Der Friedensvertrag zwischen Russland und Japan umfasst aber die Rückgabe der Kurilen, von daher ist es Japans gutes Recht dagegen vorzugehen. Auch können wir froh sein, dass es Länder gibt, die sich gegen China stellen, das einfach mal das ganze südchinesische Meer unter seinen Einflussbereich stellen will. (Hier wird das verdeutlicht: http://maritime-executive.com/media/transfer/img/South_China_Sea_claims.jpg)
4.
boeseHelene 19.08.2012
Zitat von wwwwalterzutage, was der Nationalismus so hervorbringt. Wenn man bedenkt, was die Japaner im Zweiten Weltkrieg an Kriegsverbrechen begangen haben, dann sind die kleinen territorialen Verluste (wie die Kurilen, die an Rußland gingen) ein Klacks gegenüber dem, was Deutschland widerfahren ist. Die Japaner sollten sich wirklich schämen für diese Art von völlig überzogenem Nationalismus. Leider getraut sich kein westliches Land, in dieser Frage Klartext zu reden, und die japanische Seite mal zurechtzuweisen, obwohl das mehr als angebracht wäre.
Japan wurde um einiges härter bestraft als Deutschland nämlich mit dem Abwurf zweier Atombomben Atombombenabwürfe auf Hiroshima und Nagasaki (http://de.wikipedia.org/wiki/Atombombenabw%C3%BCrfe_auf_Hiroshima_und_Nagasaki) Im übrigen gibt es auch in Japan noch heute von den USA besetzte Gebiete Kolonien der Vereinigten Staaten (http://de.wikipedia.org/wiki/Kolonien_der_Vereinigten_Staaten)
5.
rotella 19.08.2012
Zitat von wwwwalterzutage, was der Nationalismus so hervorbringt. Wenn man bedenkt, was die Japaner im Zweiten Weltkrieg an Kriegsverbrechen begangen haben, dann sind die kleinen territorialen Verluste (wie die Kurilen, die an Rußland gingen) ein Klacks gegenüber dem, was Deutschland widerfahren ist. Die Japaner sollten sich wirklich schämen für diese Art von völlig überzogenem Nationalismus. Leider getraut sich kein westliches Land, in dieser Frage Klartext zu reden, und die japanische Seite mal zurechtzuweisen, obwohl das mehr als angebracht wäre.

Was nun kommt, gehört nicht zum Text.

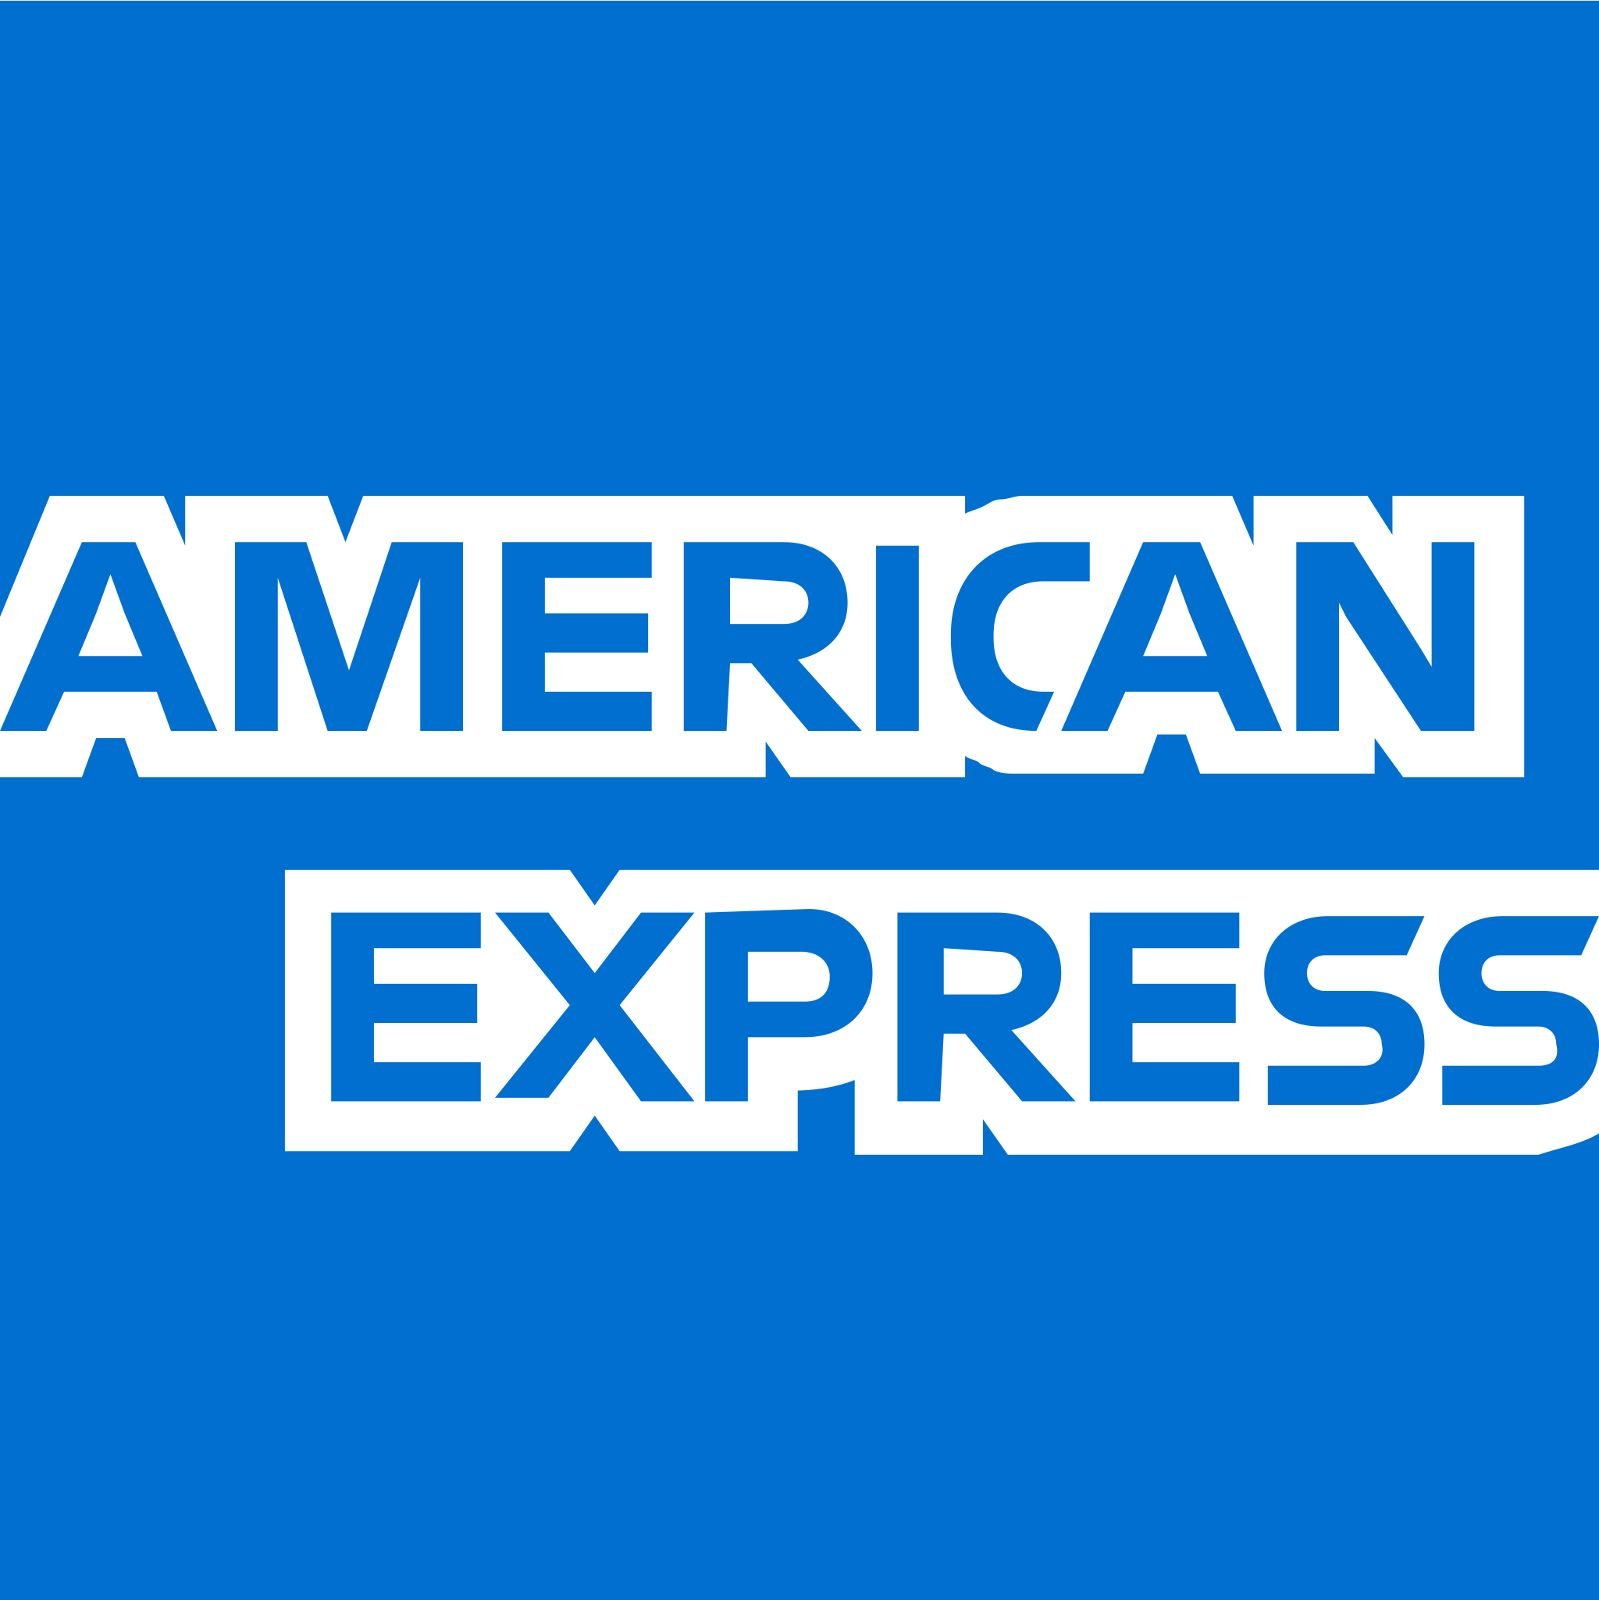 Amex american express logo
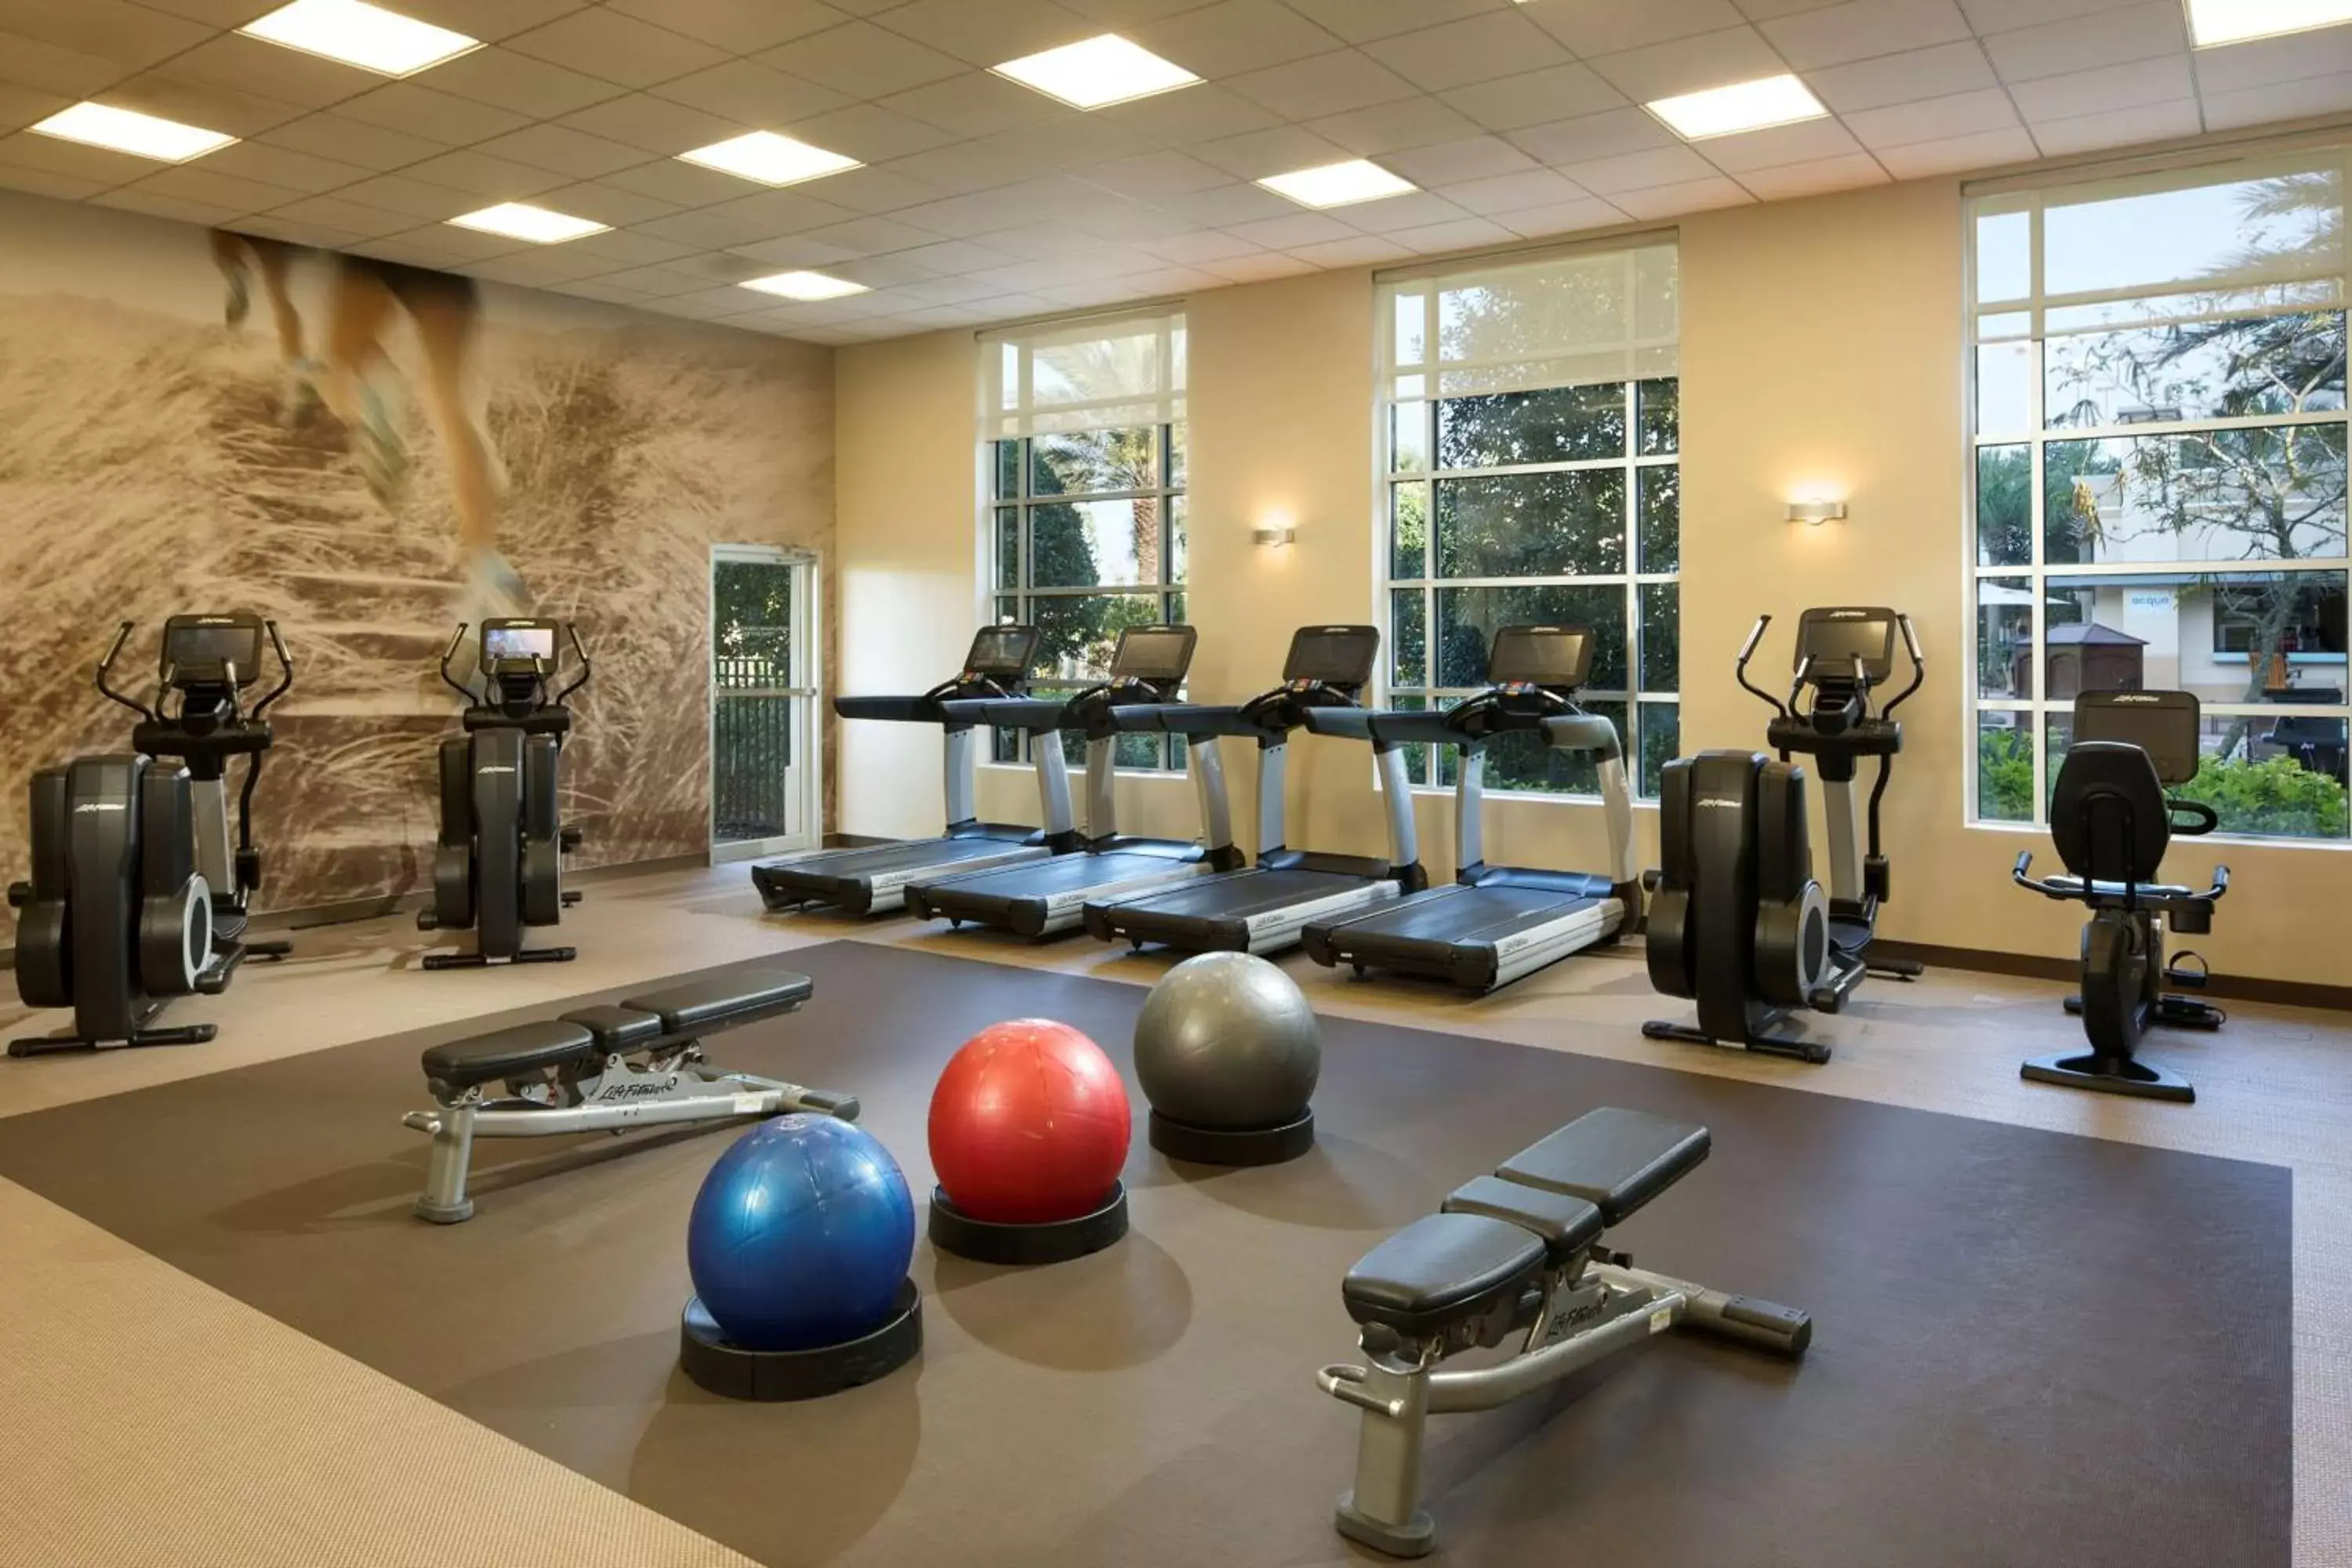 Fitness centre/facilities, Fitness Center/Facilities in Hilton Grand Vacations Club Las Palmeras Orlando

Ich sehe da keinen Unterschied zum chinesischen und zum russischen Nationalismus. Oder denk mal an die Malwinen, die Isla del Perejil oder Zypern und die anderen Insel in der Ägäis. Ihre einseitigen Schuldzuweisungen an Japan sind also völlig fehl am Platze, da sich beide Seiten im Recht fühlen.